- **Information provided**:
Content starts

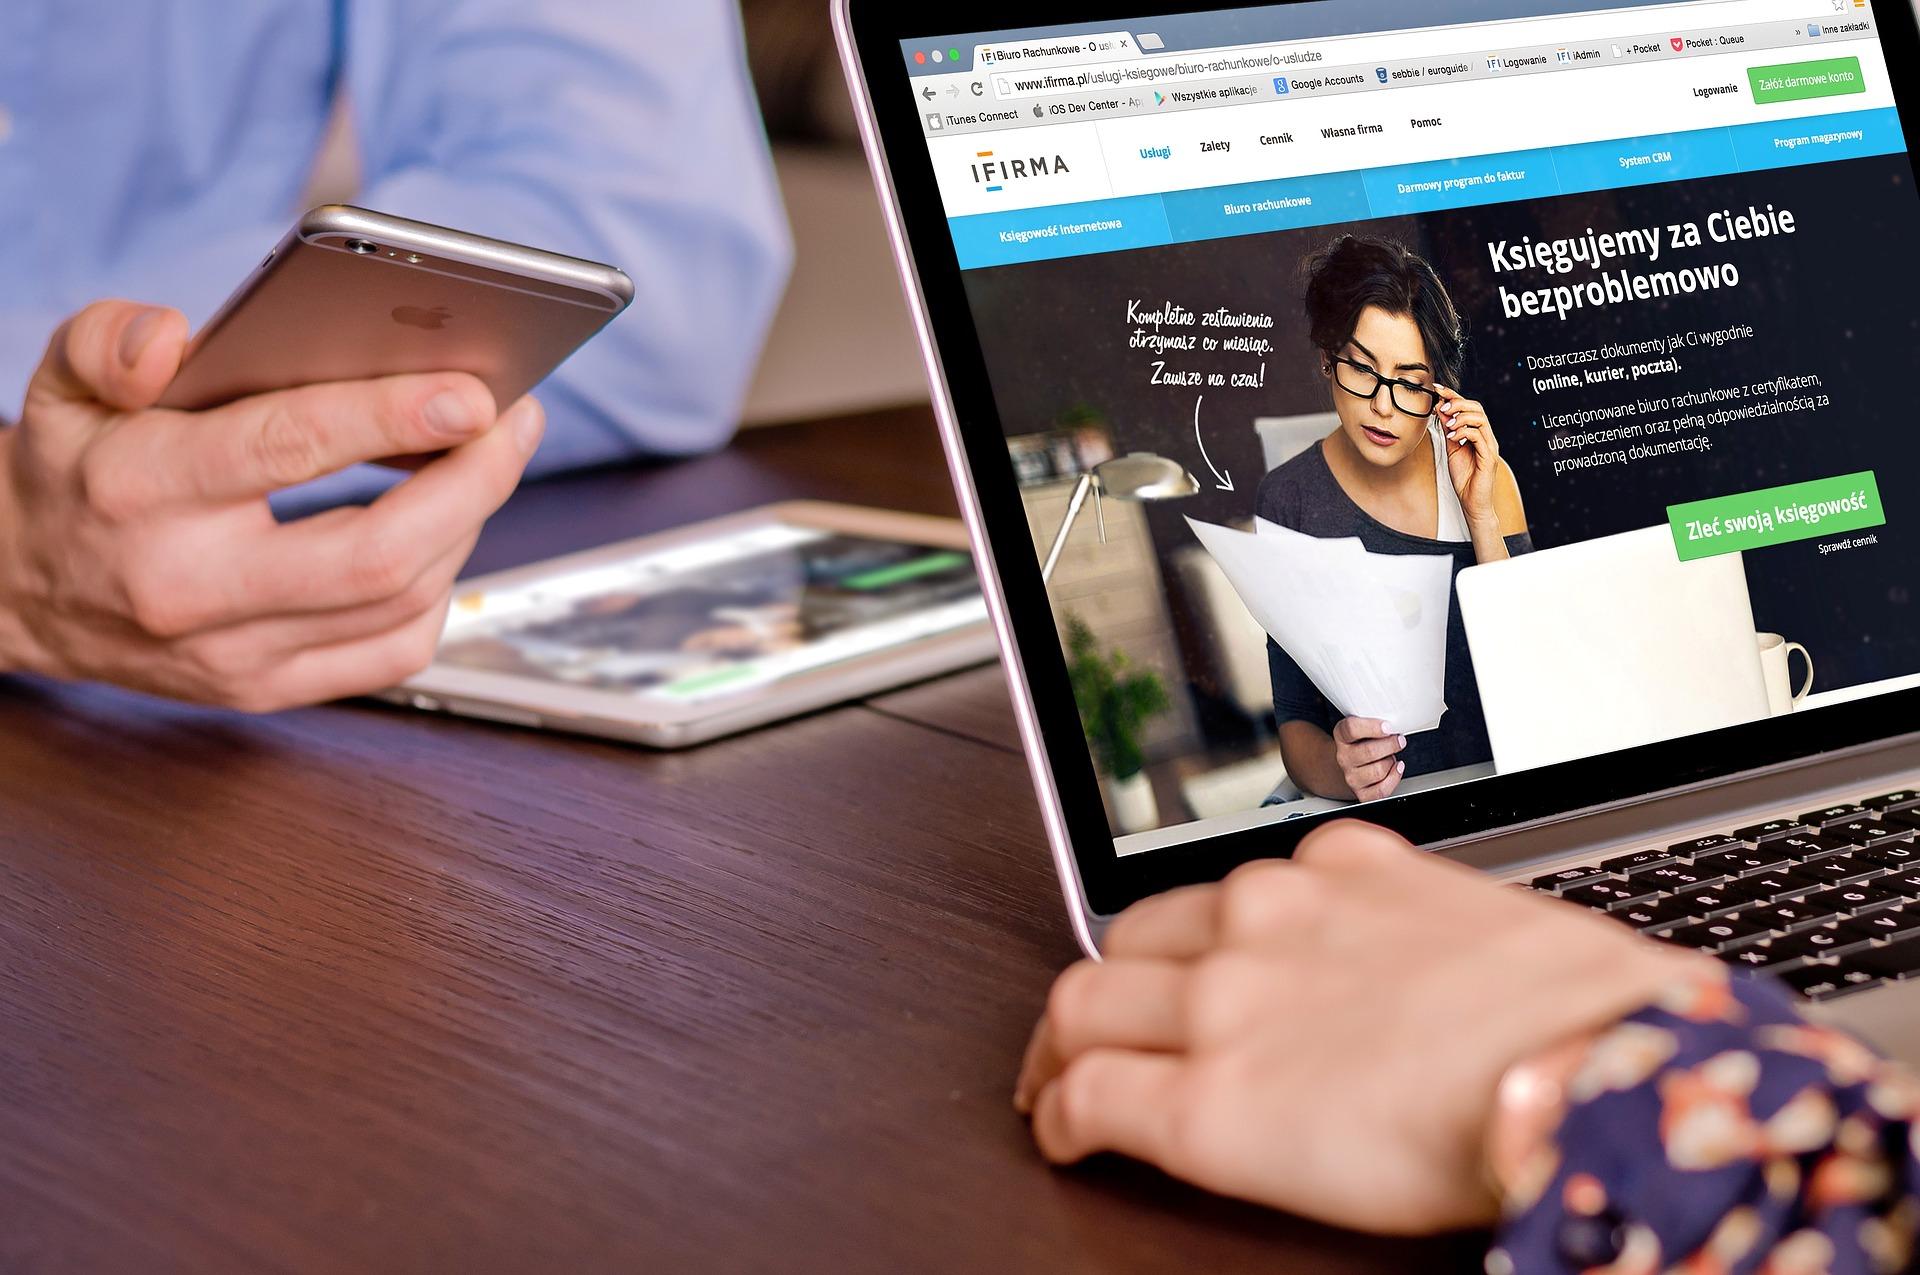 Un homme et une femme qui tiennent dans leurs mains un ordinateur portable, une tablette et un téléphone portable
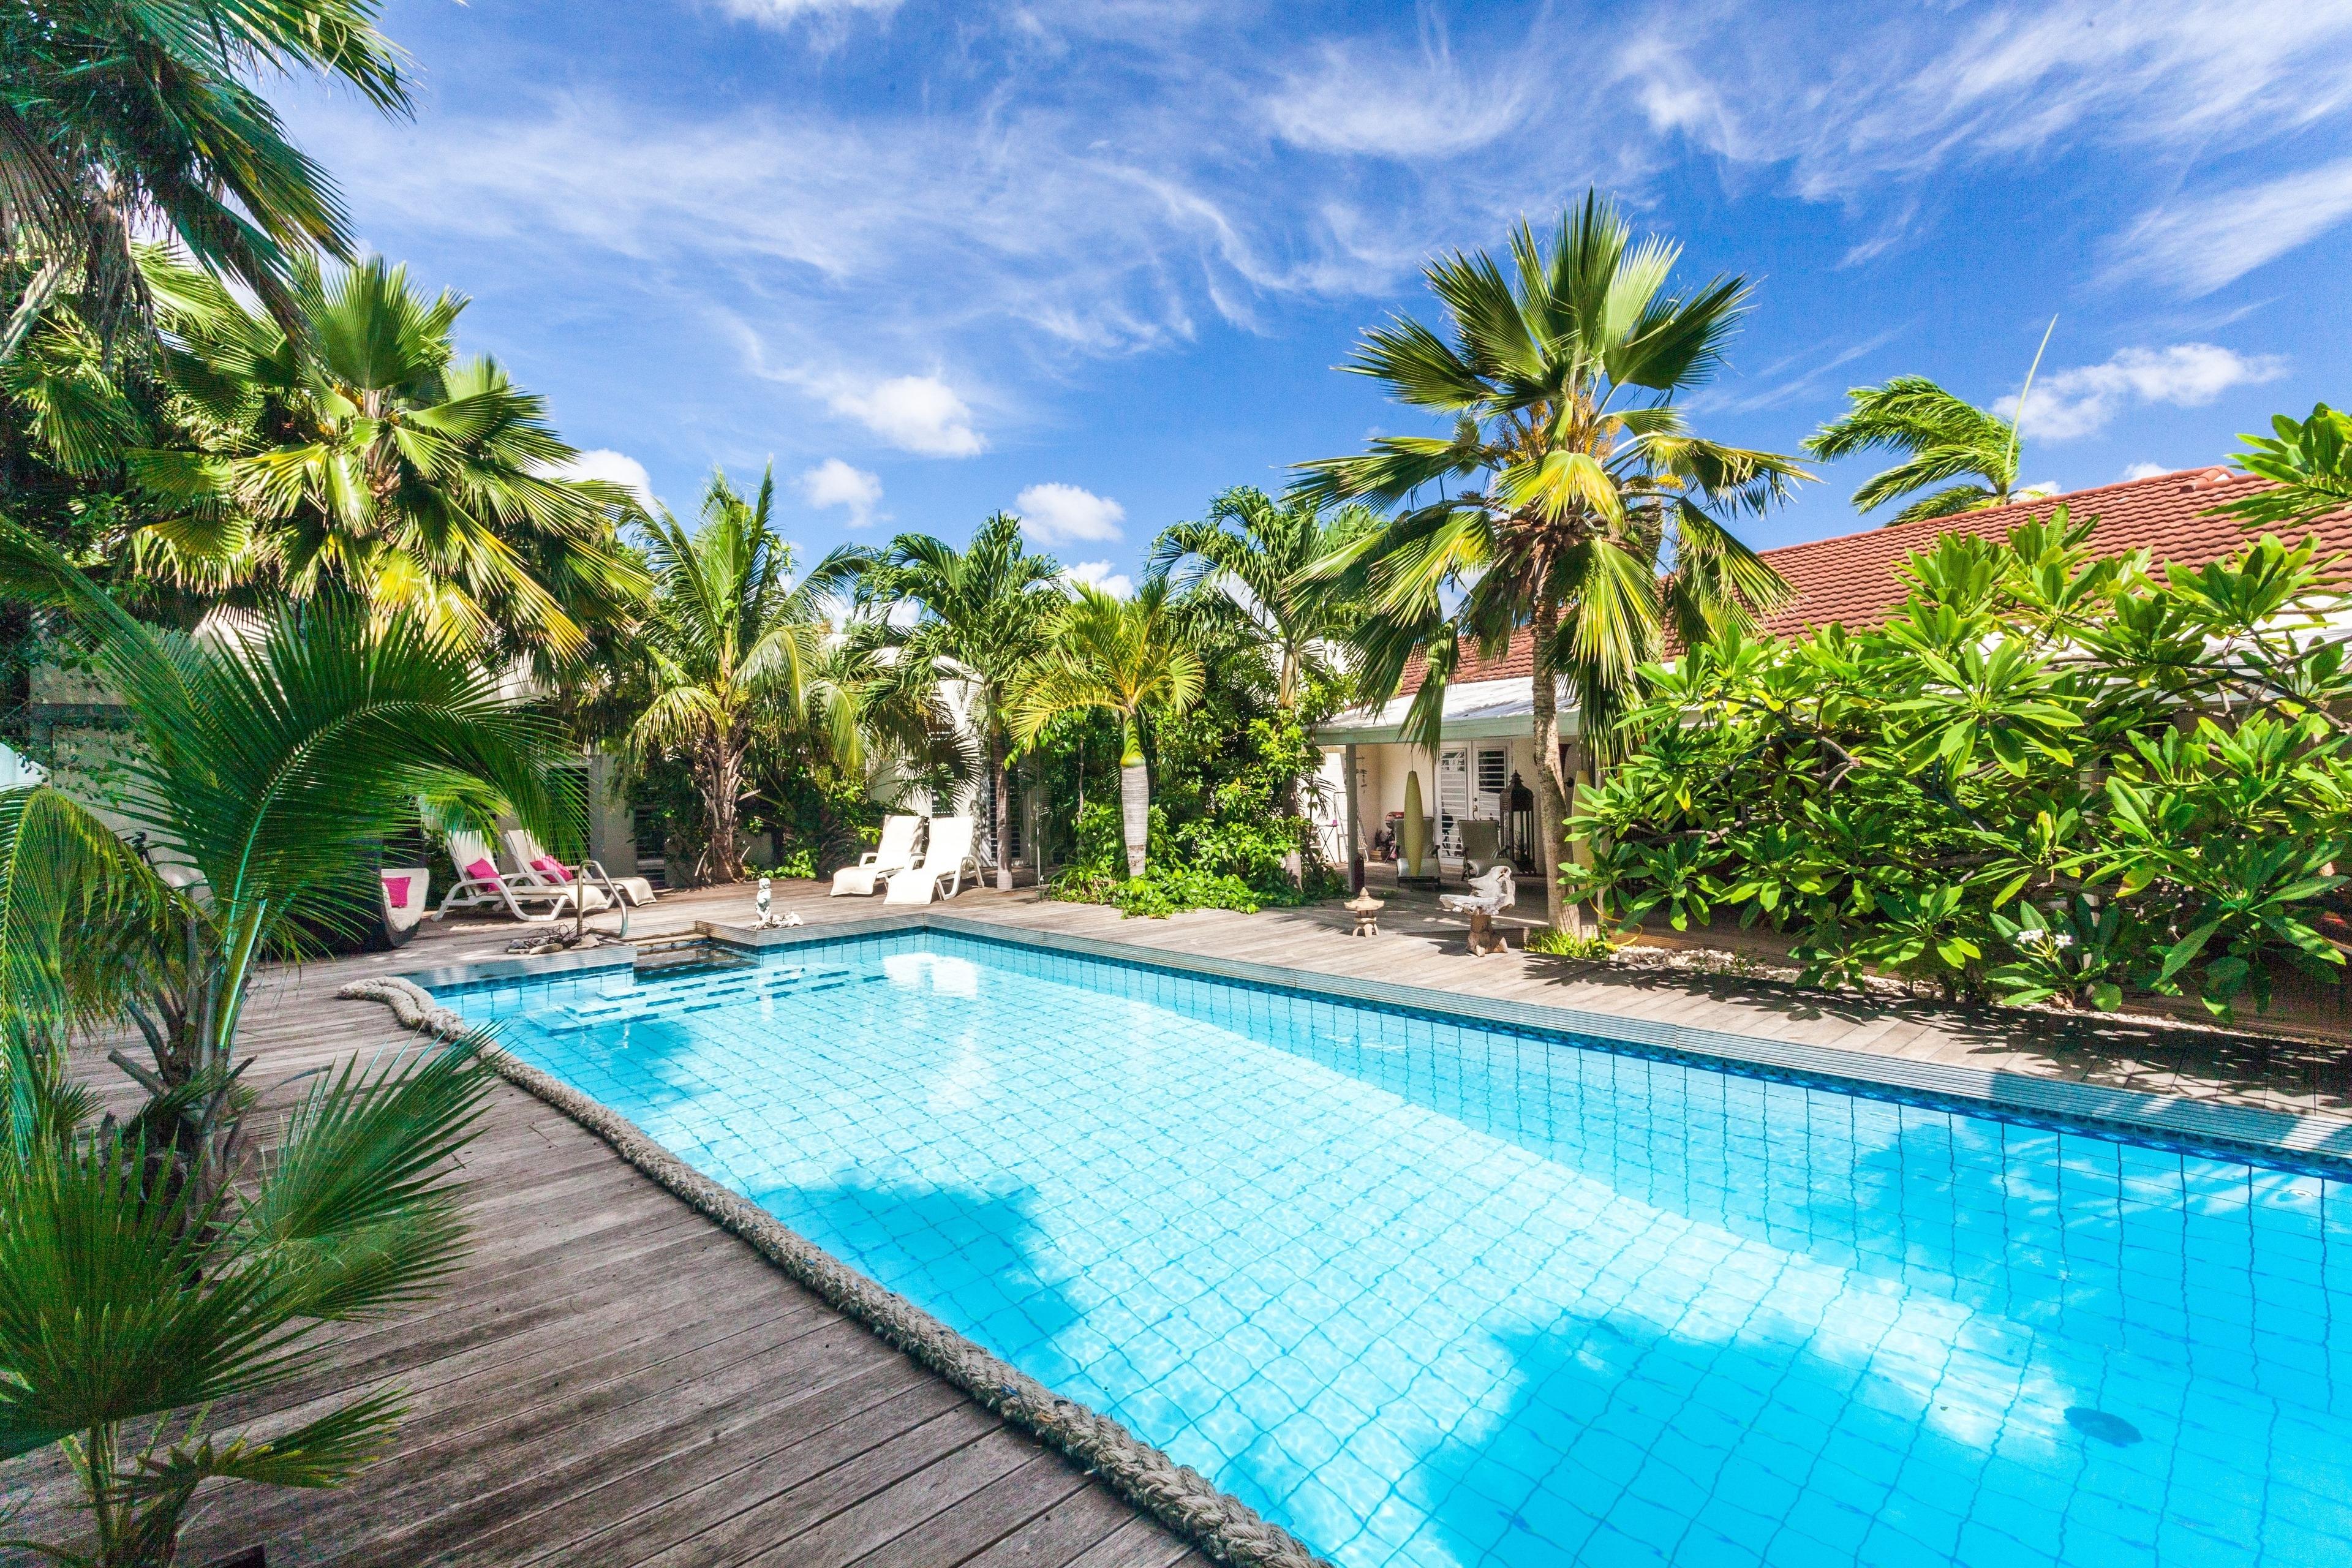 Coconut Ferienwohnung in Mittelamerika und Karibik
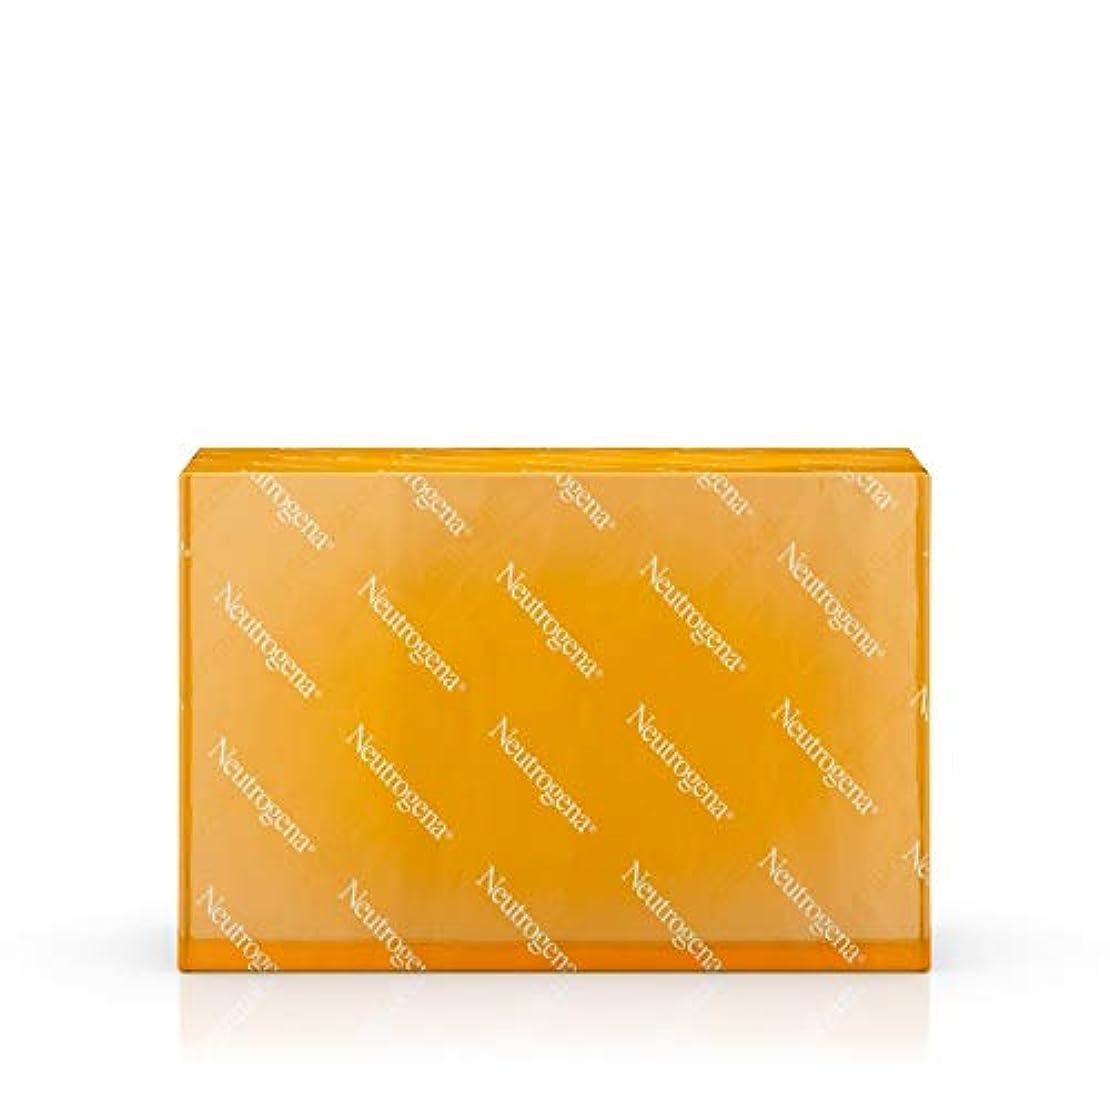 主権者浸すどうやって海外直送品 Neutrogena Neutrogena Transparent Facial Bar Soap Fragrance Free, Fragrance Free 3.5 oz

Content ends

- **Exercise instructions**: Starting with the line that holds "Coconut Ferienwohnung in", print each line through the last one of the data exactly as written, but do not include the pictures.

- **Response to this task**:
 Coconut Ferienwohnung in Mittelamerika und Karibik
 主権者浸すどうやって海外直送品 Neutrogena Neutrogena Transparent Facial Bar Soap Fragrance Free, Fragrance Free 3.5 oz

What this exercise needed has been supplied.